· Analysis of advantages and disadvantages of Softmax

Personal Home –> xiaosongshine. Github. IO /

“Softmax” is Max of soft. In the classification problem of CNN, our ground truth is in one-hot form. Taking the four classifications as an example, the ideal output should be (1,0,0,0), or (100%, 0%, 0%, 0%), which is the ultimate goal we want CNN to learn.

The amplitude of the network output varies greatly, and the one with the largest output corresponds to the classification result we need. The classification confidence is usually calculated in percentage form, and the simplest way is to calculate the output proportion, assuming that the output characteristics areThe most direct and ordinary way, as opposed to soft Max, here we call itThe hard Max:

Now it is common for soft Max to nonlinearly enlarge each output x to exp(x) as follows:

What’s the difference between hard Max and soft Max? Let’s look at some examples

With the same output characteristics, soft Max is easier to achieve the ultimate goal of one-hot form than Hard Max. In other words, Softmax reduces the training difficulty and makes convergence of multi-classification problems easier.

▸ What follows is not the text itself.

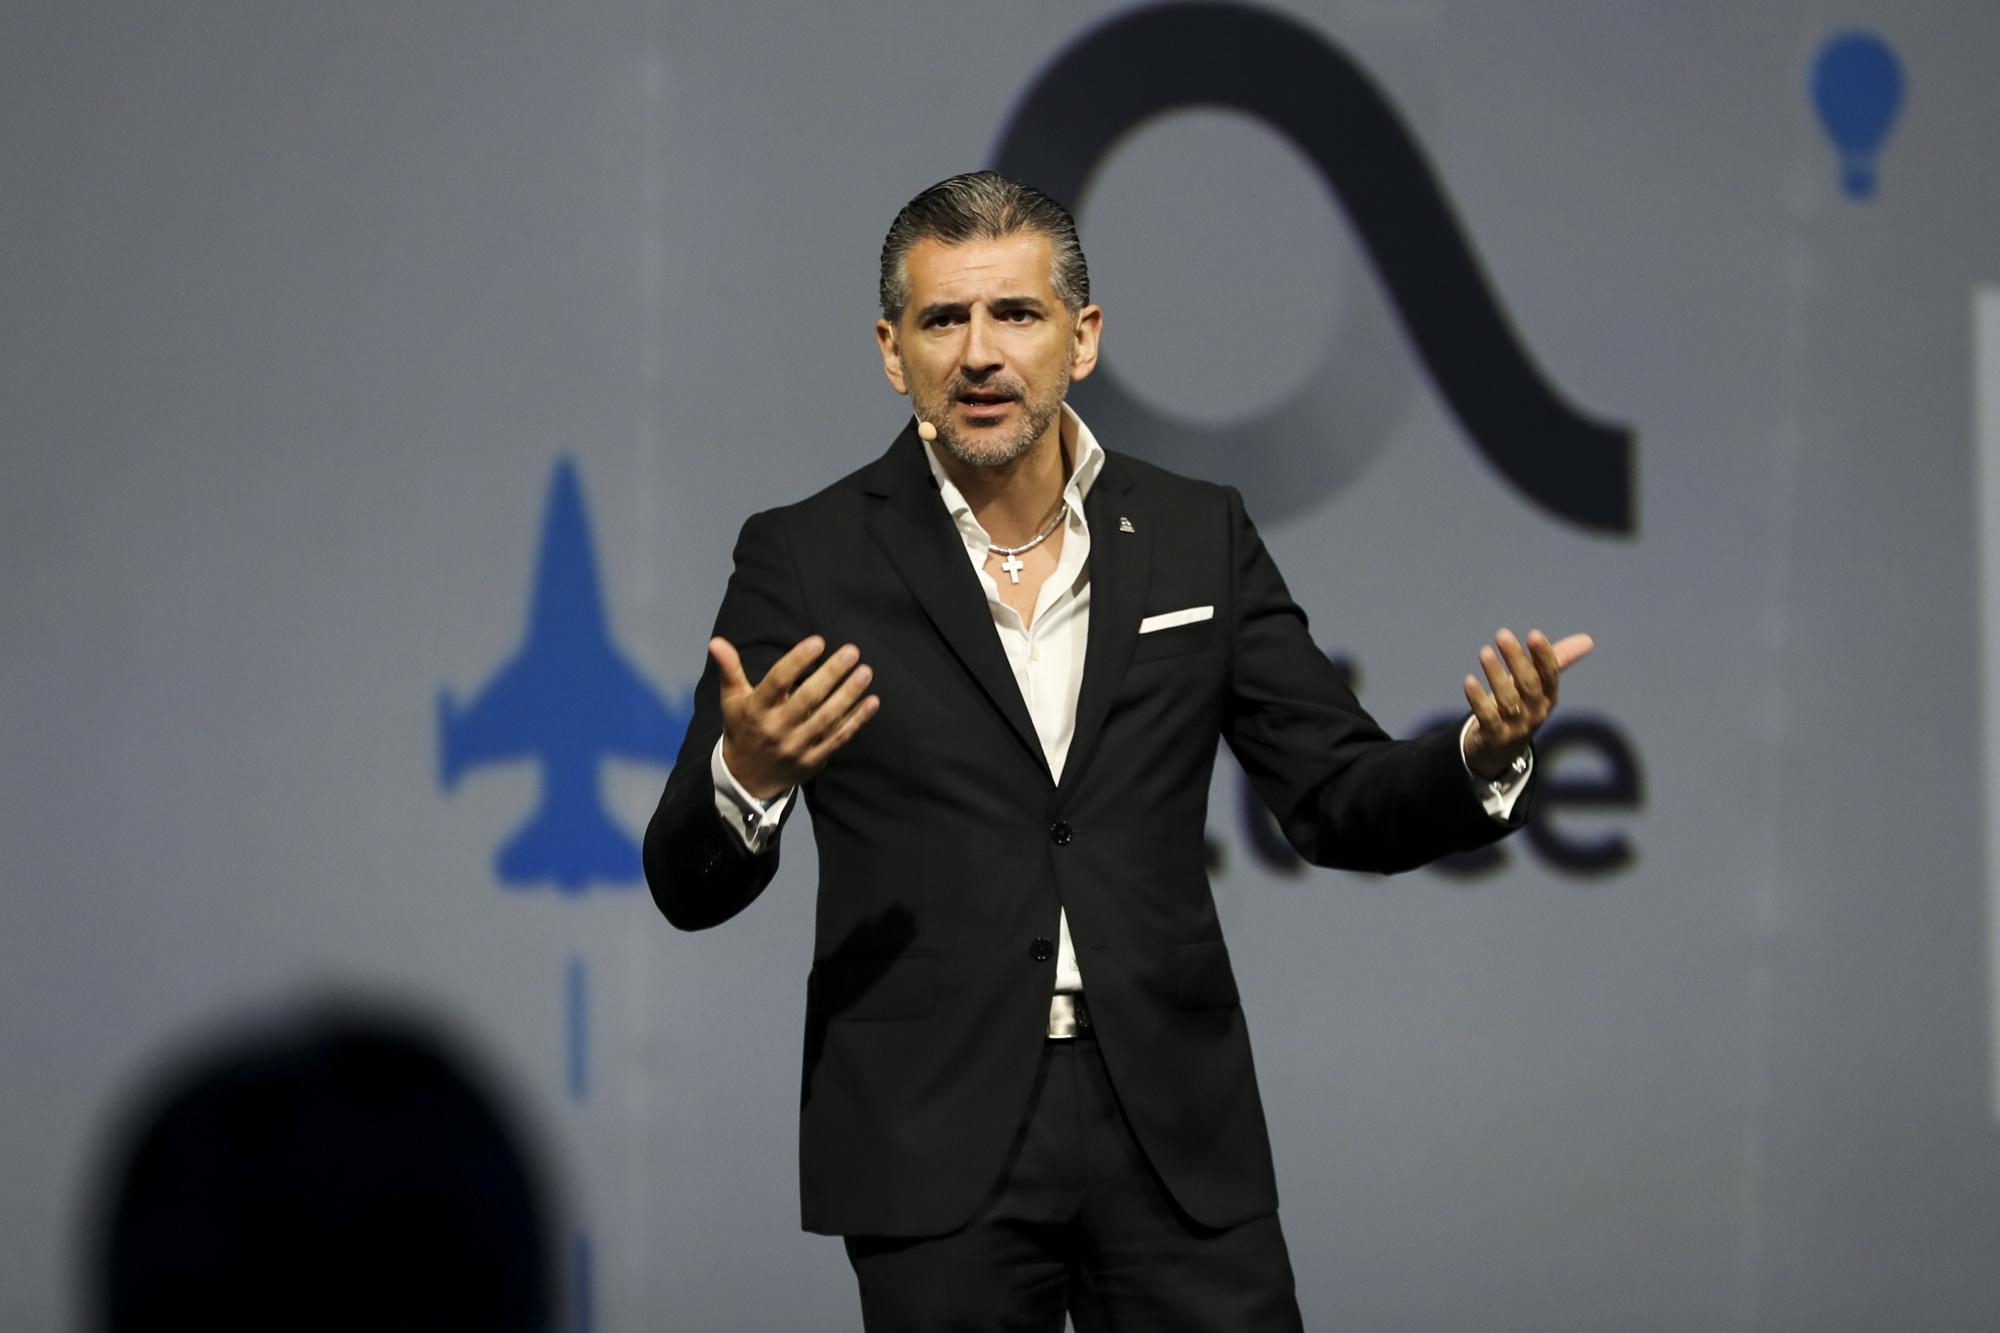 Alexandre Fonseca, CEO da Altice Portugal

What are you trying to say? Softmax encourages the output of the real target category to be larger than the other categories, but does not require it to be much larger. For feature mapping of face recognition, Softmax encourages feature separation of different categories, but does not encourage feature separation much. As shown in table (5,1,1,1), loss is already very small, and CNN is close to convergence gradient and no longer decreases.

Softmax Loss trained CNN and visualized 2-dimensional feature mapping of 10 categories on MNIST as follows:

Different categories are obviously separated, but this situation does not meet the requirement of feature vector comparison in face recognition. In face recognition, feature vector similarity calculation is commonly used L2 distance and cosine distance. We discuss these two cases respectively.

  • L2 distance: The smaller L2 distance is, the higher the vector similarity is. It is possible that the distance between eigenvectors of the same class (yellow) is larger than that between eigenvectors of different classes (green)

  • Cosine distance: The smaller the included Angle, the larger the cosine distance and the higher the vector similarity. It is possible that the Angle between eigenvectors of the same class (yellow) is greater than that between eigenvectors of different classes (green)

To sum up:

  1. The depth feature of Softmax training will divide the whole hyperspace or hypersphere according to the number of classification to ensure the classification is separable, which is very suitable for multi-classification tasks such as MNIST and ImageNet, because the test category must be in the training category.
  2. But Softmax does not require separation between compact in the class and class, it is not suitable for face recognition task, because the number of training set 1 w, relative test set 7 billion humans, the whole world is very small, and it is impossible for us to get all the training sample, more too, we also require training set and testing set generally don’t overlap.
  3. Therefore, Softmax needs to be reformed. In addition to ensuring separability, it should be as compact as possible within the feature vector class and as separate as possible between classes.